Collection entries

══════

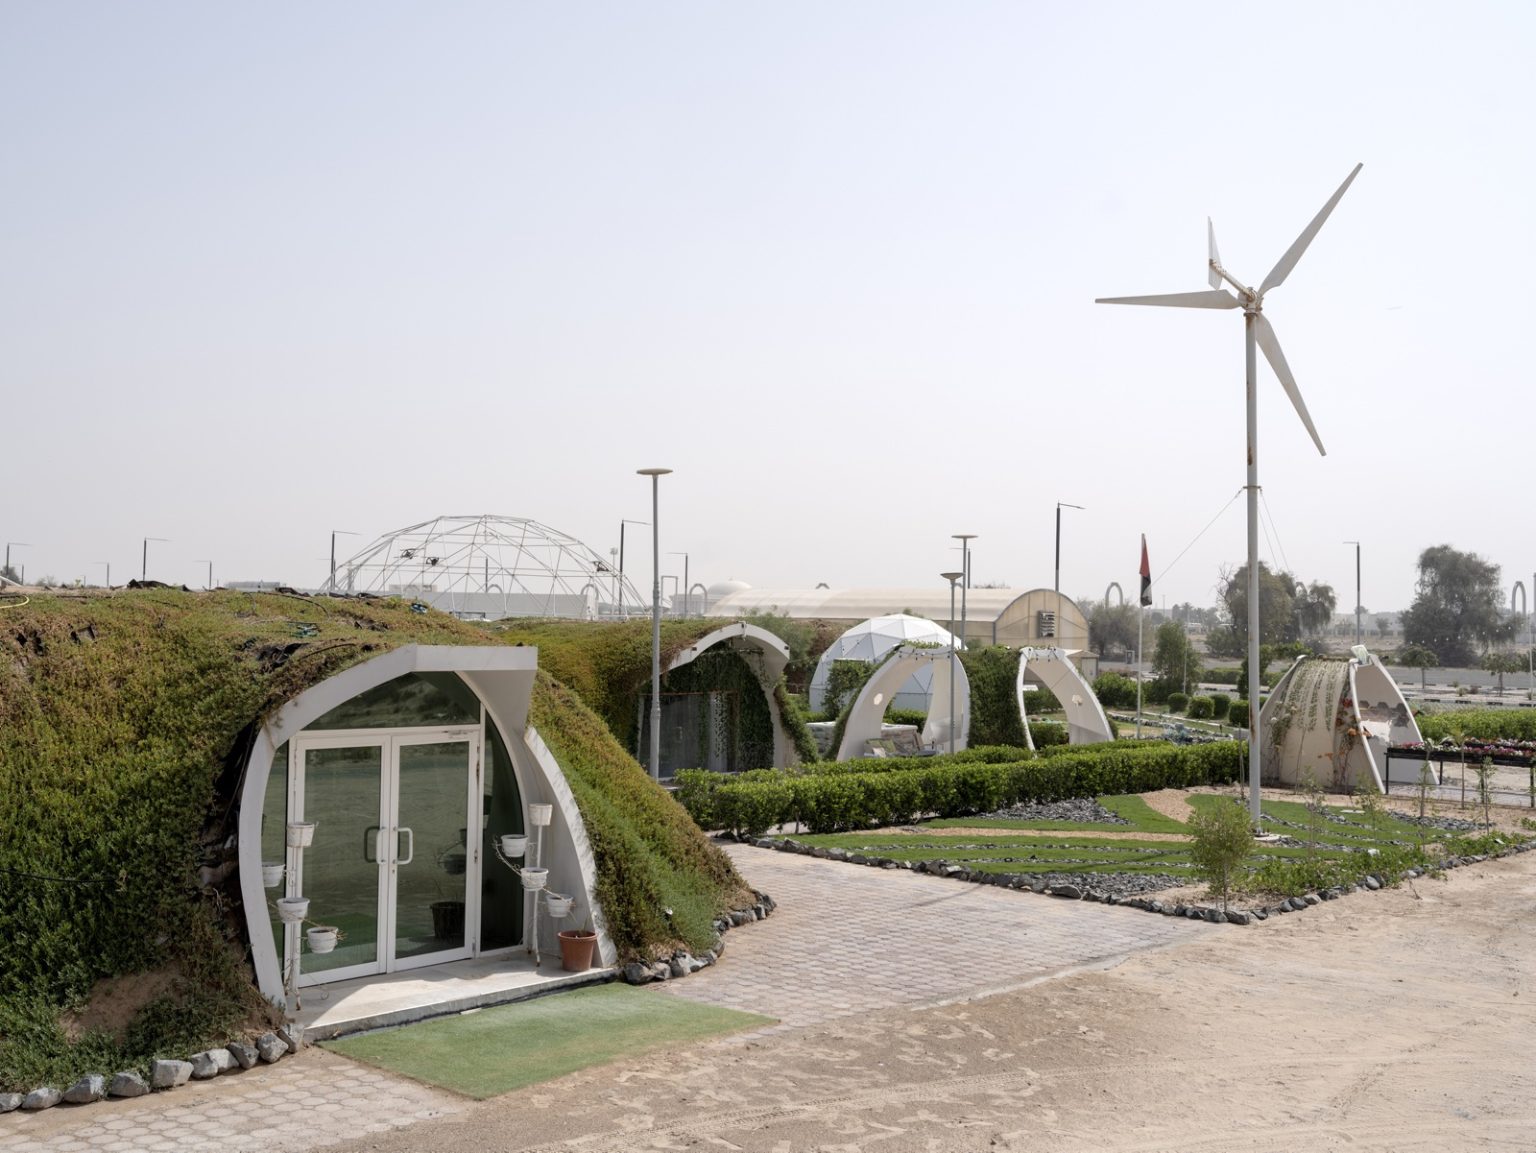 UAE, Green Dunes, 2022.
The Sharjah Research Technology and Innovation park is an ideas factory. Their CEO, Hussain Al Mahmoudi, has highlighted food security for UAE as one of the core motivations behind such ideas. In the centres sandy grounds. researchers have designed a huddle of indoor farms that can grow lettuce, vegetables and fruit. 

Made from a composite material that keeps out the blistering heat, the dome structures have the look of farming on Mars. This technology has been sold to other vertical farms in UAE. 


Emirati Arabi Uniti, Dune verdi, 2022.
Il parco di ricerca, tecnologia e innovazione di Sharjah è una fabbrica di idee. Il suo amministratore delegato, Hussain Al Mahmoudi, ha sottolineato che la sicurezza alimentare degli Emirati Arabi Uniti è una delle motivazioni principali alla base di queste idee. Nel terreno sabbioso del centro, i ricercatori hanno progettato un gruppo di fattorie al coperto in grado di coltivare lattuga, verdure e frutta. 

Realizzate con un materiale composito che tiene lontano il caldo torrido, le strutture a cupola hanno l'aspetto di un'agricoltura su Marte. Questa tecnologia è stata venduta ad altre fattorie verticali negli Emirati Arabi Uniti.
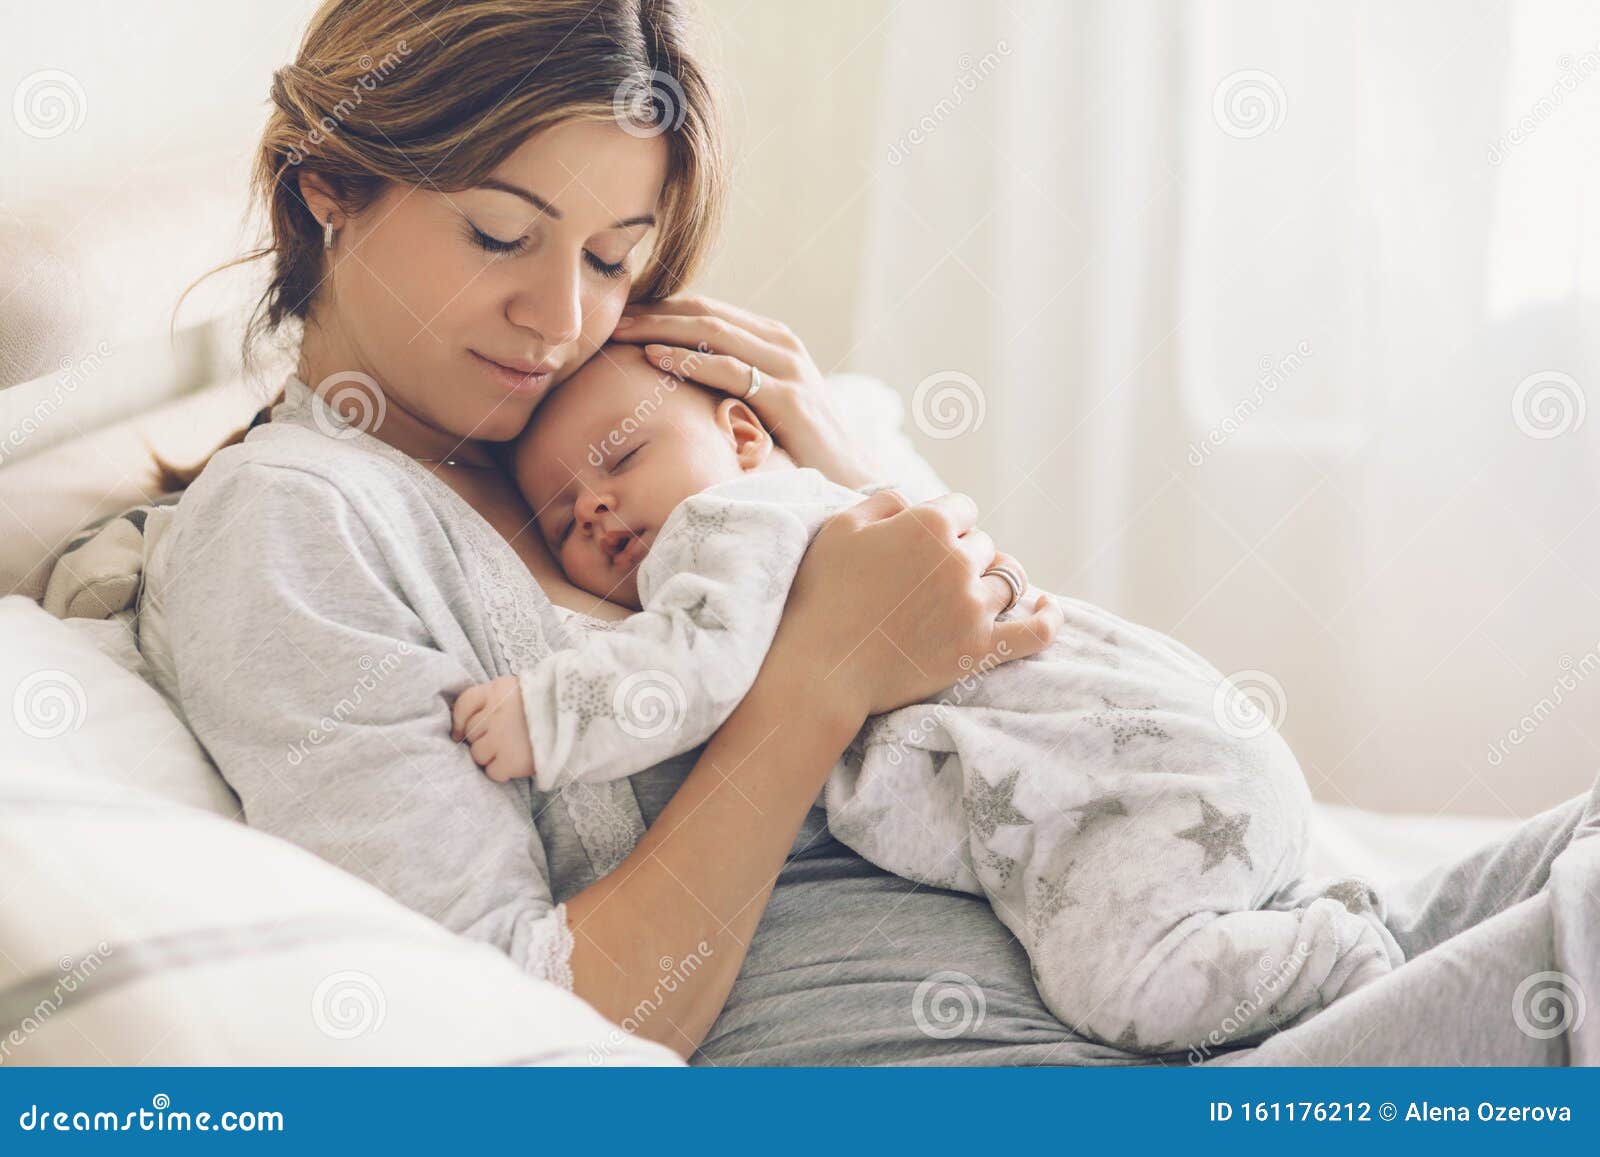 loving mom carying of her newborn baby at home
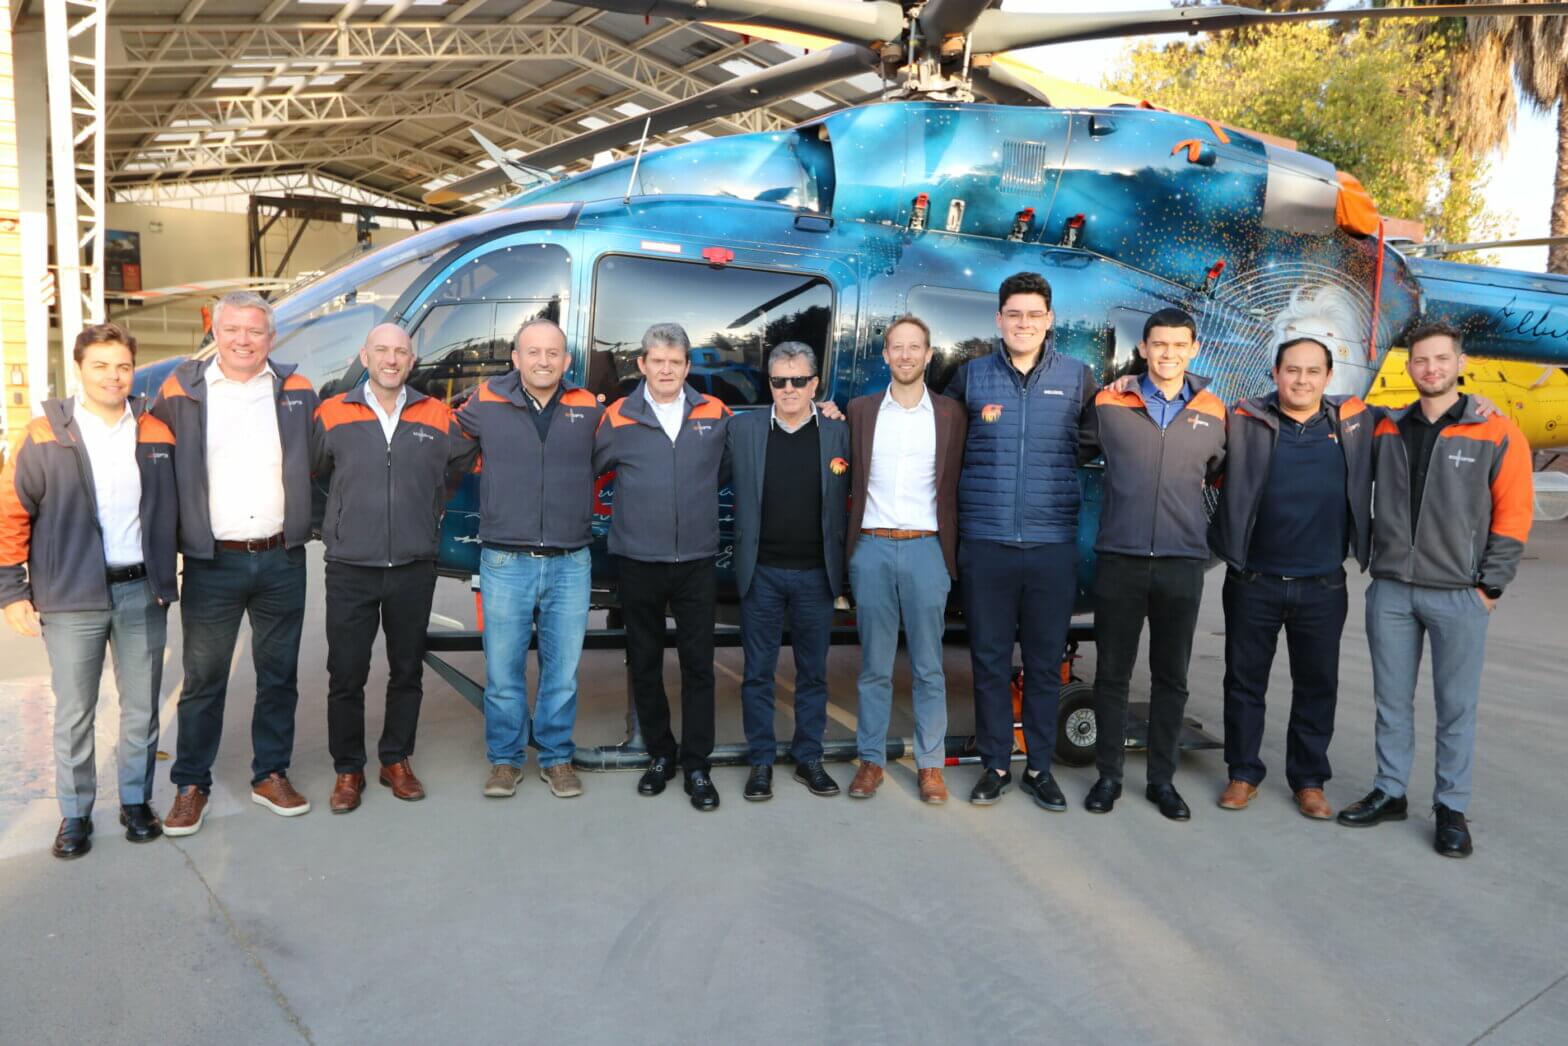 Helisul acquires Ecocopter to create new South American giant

══════

Give back every entry in its exact wording, leaving the pictures out.

Exercise answer =
 UAE, Green Dunes, 2022.
The Sharjah Research Technology and Innovation park is an ideas factory. Their CEO, Hussain Al Mahmoudi, has highlighted food security for UAE as one of the core motivations behind such ideas. In the centres sandy grounds. researchers have designed a huddle of indoor farms that can grow lettuce, vegetables and fruit. 

Made from a composite material that keeps out the blistering heat, the dome structures have the look of farming on Mars. This technology has been sold to other vertical farms in UAE. 


Emirati Arabi Uniti, Dune verdi, 2022.
Il parco di ricerca, tecnologia e innovazione di Sharjah è una fabbrica di idee. Il suo amministratore delegato, Hussain Al Mahmoudi, ha sottolineato che la sicurezza alimentare degli Emirati Arabi Uniti è una delle motivazioni principali alla base di queste idee. Nel terreno sabbioso del centro, i ricercatori hanno progettato un gruppo di fattorie al coperto in grado di coltivare lattuga, verdure e frutta. 

Realizzate con un materiale composito che tiene lontano il caldo torrido, le strutture a cupola hanno l'aspetto di un'agricoltura su Marte. Questa tecnologia è stata venduta ad altre fattorie verticali negli Emirati Arabi Uniti.
 loving mom carying of her newborn baby at home
 Helisul acquires Ecocopter to create new South American giant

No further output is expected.